Appoint someone in your company now to stay up to date on cyber, and have them regularly report what they are seeing and recommending.


Executive Briefings

To support these efforts, here is a collection of articles and resources aimed at owners, executives, and board-level stakeholders that will help you survey the current landscape and risks.
 


What can I do that I already know how to do?

Taking effective action against immediate cybersecurity threats is a complex and specialized activity. You'll need professional cybersecurity skills either as staff or as hired services.

However, there are things you can do now and over time to respond to the geometric increase in risk. You can reduce your risks and lower your costs of cybersecurity efforts right now, doing things that you as a business professional already know how to do.

SOISA recommend the following actions and shifts in overall business direction and strategies.

  1. Appoint the role of Information Security Officer to someone in your organization right now.
    Their duties should include identifying sources of cybersecurity news that they will review weekly, drafting a list of actions to take each quarter to lower risk and improve the security posture of the business, research and recommend cybersecurity insurance for the organization, and identify a cybersecurity frameworks and standard that is appropriate for the needs and requirements of the organization (they might need to consult with professionals on this, but your insurance company may have some recommendations as well.) They can also take point on the next two recommended actions.

  2. Simplify your systems, now and as an ongoing strategy.
    Part of the overwhelm that is happening is that there are simply too many accounts, too many tools, and too many systems to track, manage, and secure. Close service accounts you aren't using. Remove applications on computers that aren't required for your business. Don't sign up for new accounts unless needed. Delete trial accounts within 72 hours of evaluation. Simplify your network: remove old network components and as you purchase new equipment make it all from the same vendor or family of vendors and suppliers. Do not connect older, unverified or unpatched gear to your network.

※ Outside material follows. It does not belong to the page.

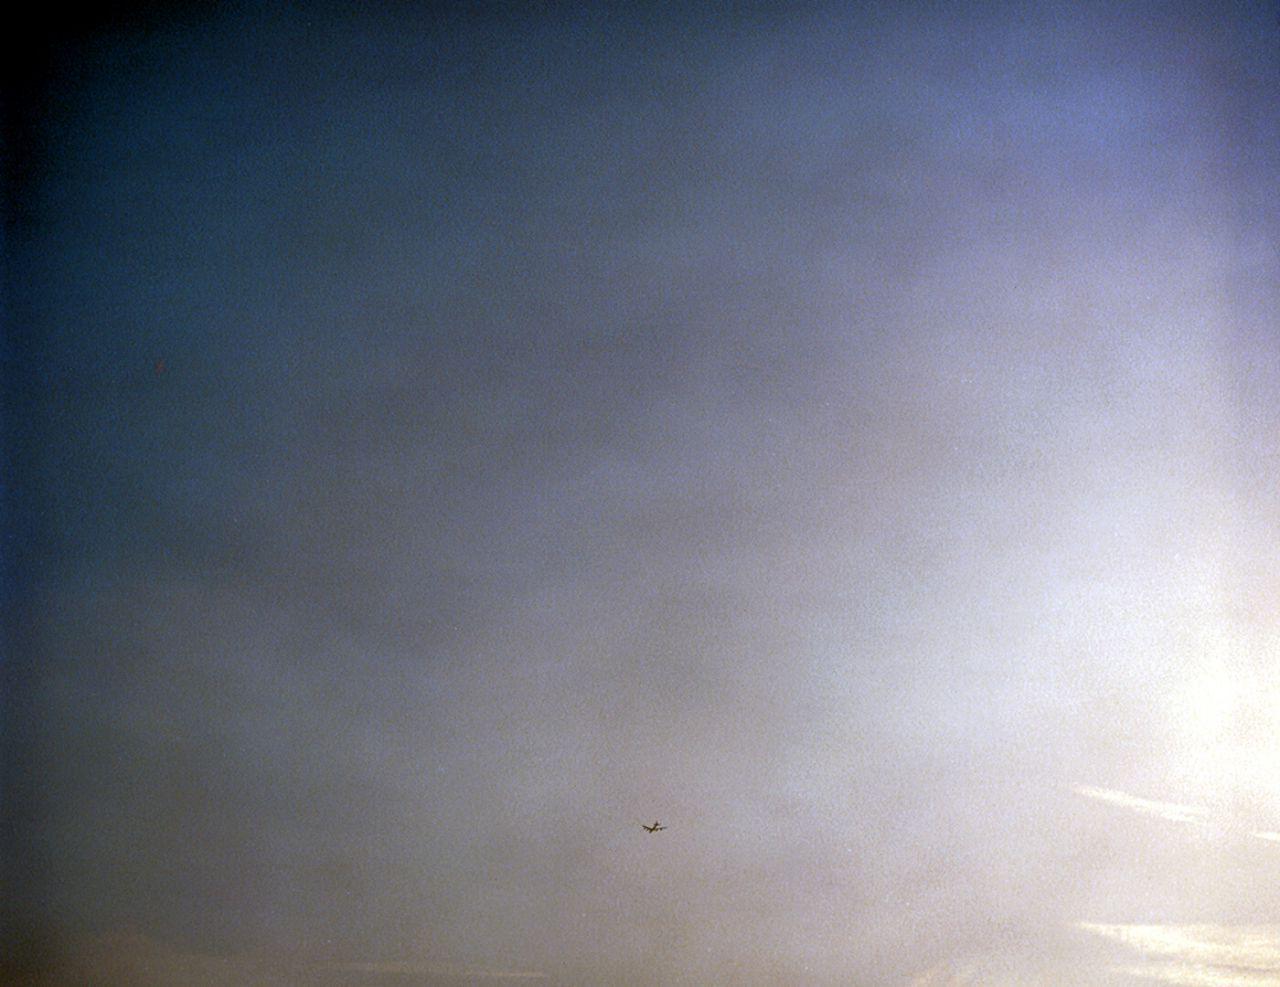 B-52 estadounidense regresando de un bombardeo en Iraq, Fairford, Inglaterra.

  3. Create an inventory of accounts, components, and data.
    This will help with the simplification strategy given above, but it is also the first thing any cybersecurity professional will do, because you can't protect and defend what you don't know you have. Save money and get a jump start: make a list of every login account on your own systems as well as third-party and services. Don't record passwords in the inventory. Record the account name and application or service, account level (admin, billing, master, user, etc.), the date established, the date last reviewed, and the user(s) of the account. Create a list of every component of your data network, including cloud servers and storage. Finally, map out all your business-critical data and record where it lives, how it is backed up, and how it enters and exits the business.